International Organization for Standardization (ISO) codes for the representation of languages. Consists of four parts, with more parts work in progress. ISO 639-1 consists of 185 two-letter (alpha-2) codes used to identify the world's major languages. ISO 639-2 has three-letter (alpha-3) codes for 485 languages. ISO 639-3 extends the ISO 639-2 alpha-3 codes with an aim to cover all known natural languages. ISO 639-5 defines alpha-3 codes for language families.
ISO_639_2
ISO_639_3
ISO_639_3_Retirements
ISO_639_5
ISO_639_2
is a character data frame with variables
Alpha_3_B
and Alpha_3_T
(the ISO 639-2 bibliographic and
terminological codes), Alpha_2
(the corresponding ISO 639-1
alpha-2 code if available), and Name
(the English name of the
language).
ISO_639_3
is a data frame with the following variables:
Id
:a character vector with the ISO 639-3 3-letter (alpha-3) identifiers.
Part2B
:a character vector with the equivalent ISO 639-2 B-code identifiers of the bibliographic applications code set (if existent).
Part2T
:a character vector with the equivalent ISO 639-2 T-code identifiers of the terminology applications code set (if existent).
Part1
:a character vector with the equivalent ISO 639-1 2-letter (alpha-2) identifiers (if existent).
Scope
:a factor with levels "I"
(Individual),
"M"
(Macrolanguage) and "S"
(Special).
Type
:a factor with levels "L"
(Living
languages), "E"
(Extinct languages), "A"
(Ancient
languages), "H"
(Historic languages), "C"
(Constructed languages), and "S"
(Special).
Name
:a character vector with the reference language names.
Comment
:a character vector with a comment relating to one or more of the other variables.
Family
:a character vector with the generic English names of the languages' family or macrolanguage.
eng
:a character vector with the language names in English.
fra
:a character vector with the language names in French (if available).
spa
:a character vector with the language names in Spanish (if available).
zho
:a character vector with the language names in Chinese (if available).
rus
:a character vector with the language names in Russian (if available).
deu
:a character vector with the language names in German (if available).
Variables Family
and eng
to deu
are extracted
from the Wikipedia ISO 639-3 language codes pages.
ISO_639_3_Retirements
is a data frame giving the languages
retired from ISO 639-3, with variables:
Id
:a character vector with the retired codes
Ret_Reason
:a factor with levels "C"
(change),
"D"
(duplicate), "N"
(non-existent), "S"
(split), and "M"
(merge).
Change_To
:a character vector which in the cases of C, D, and M gives the identifier to which all instances of the Id should be changed.
Ret_Remedy
:a character vector with instructions for updating an instance of the retired (split) identifier.
Effective
:a Date
object giving the date
the retirement became effective.
ISO_639_5
is a data frame with the following variables:
Id
a character vector with the 3-letter (alpha-3) ISO 639-5 identifiers.
English_Name
the family names in English.
French_Name
the family names in French.
Part2
a factor indicating how the family relates to
639-2, with levels "g"
(group: consists of several related
languages), "r"
(rest group: a group of several related
languages, from which some specific languages have been excluded),
or ""
(no 639-2 code).
Hierarchy
an indication of which other language families or groups the current language family or group is a member of (given as 639-5 ids separated by : ).
While most languages are given one code by the ISO 639-2 standard, twenty-two of the languages described have two three-letter codes, a “bibliographic” code (ISO 639-2/B, B-code), which is derived from the English name for the language and was a necessary legacy feature, and a “terminological” code (ISO 639-2/T, T-code), which is derived from the native name for the language.
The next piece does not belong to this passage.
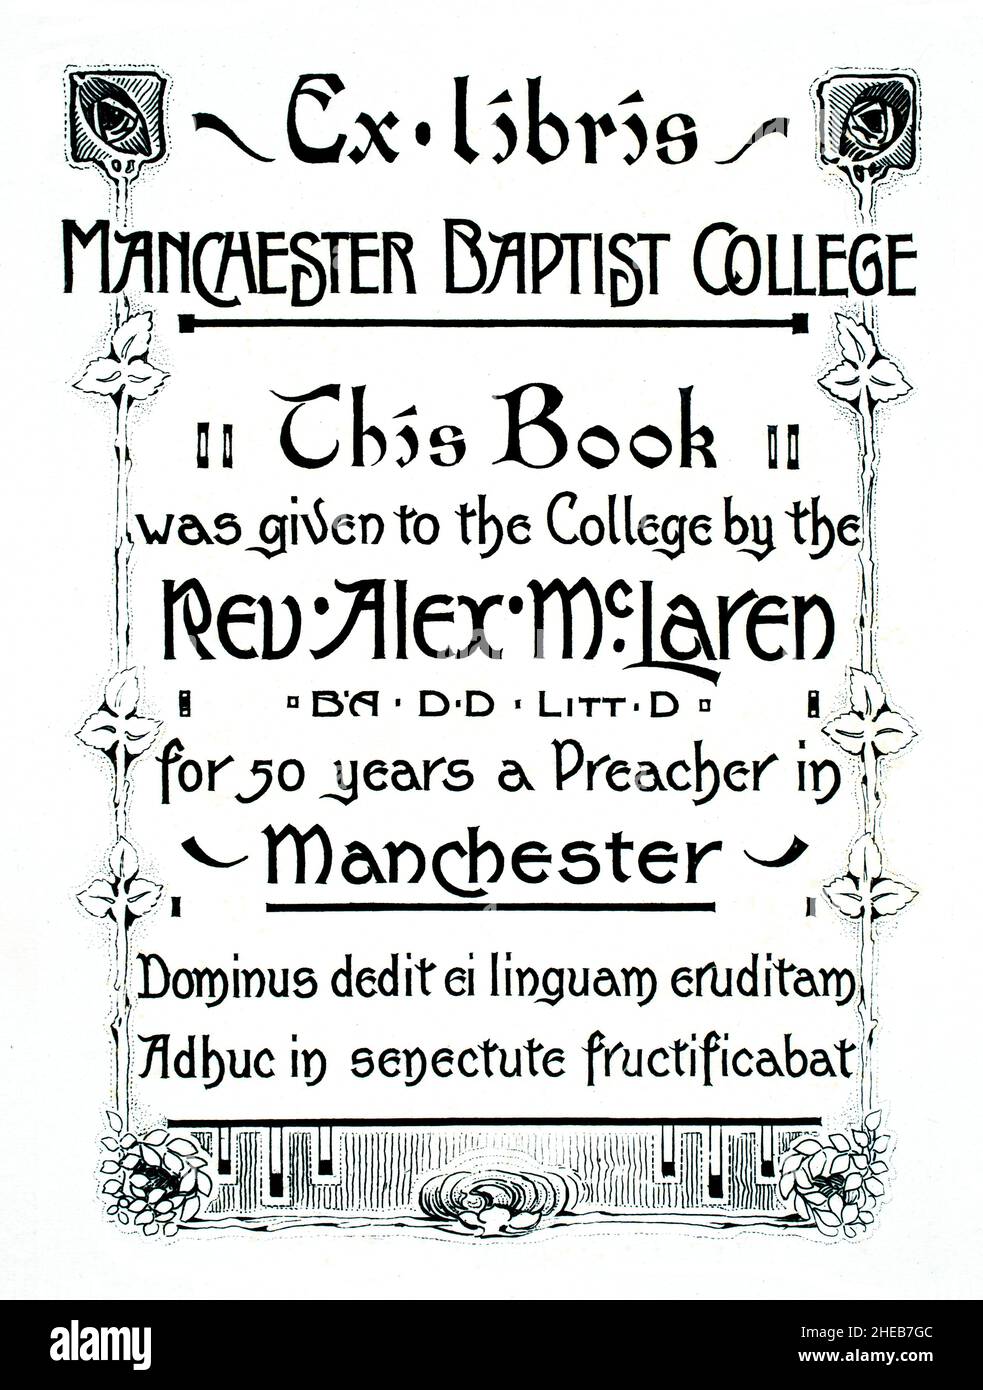 Exlibris im Jugendstil für Rev. Dr. Alex McLaren, überreicht an das Manchester Baptist College, um 50 Jahre Prediger zu feiern Stockfoto
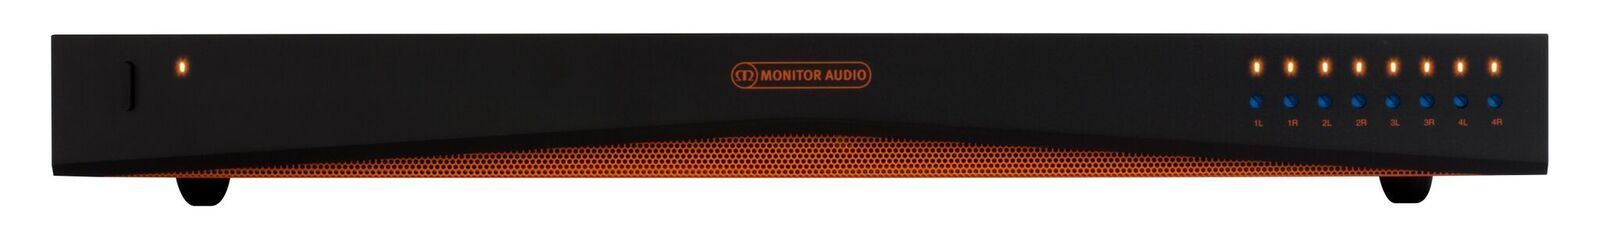 Monitor Audio IA150-8C päätevahvistin

The range qaa to qtz is reserved for local use.
ISO 639-3 is a superset of ISO 639-1 and of the individual languages in ISO 639-2. ISO 639-1 and ISO 639-2 focused on major languages, most frequently represented in the total body of the world's literature. Since ISO 639-2 also includes language collections, whereas Part 3 does not, ISO 639-3 is not a superset of ISO 639-2. Where B and T codes exist in ISO 639-2, ISO 639-3 uses the T-codes.
ISO 639-2 contains codes for some individual and group languages and so any code in it is either in 639-3 or 639-5; 639-5 families may be missing from 639-2.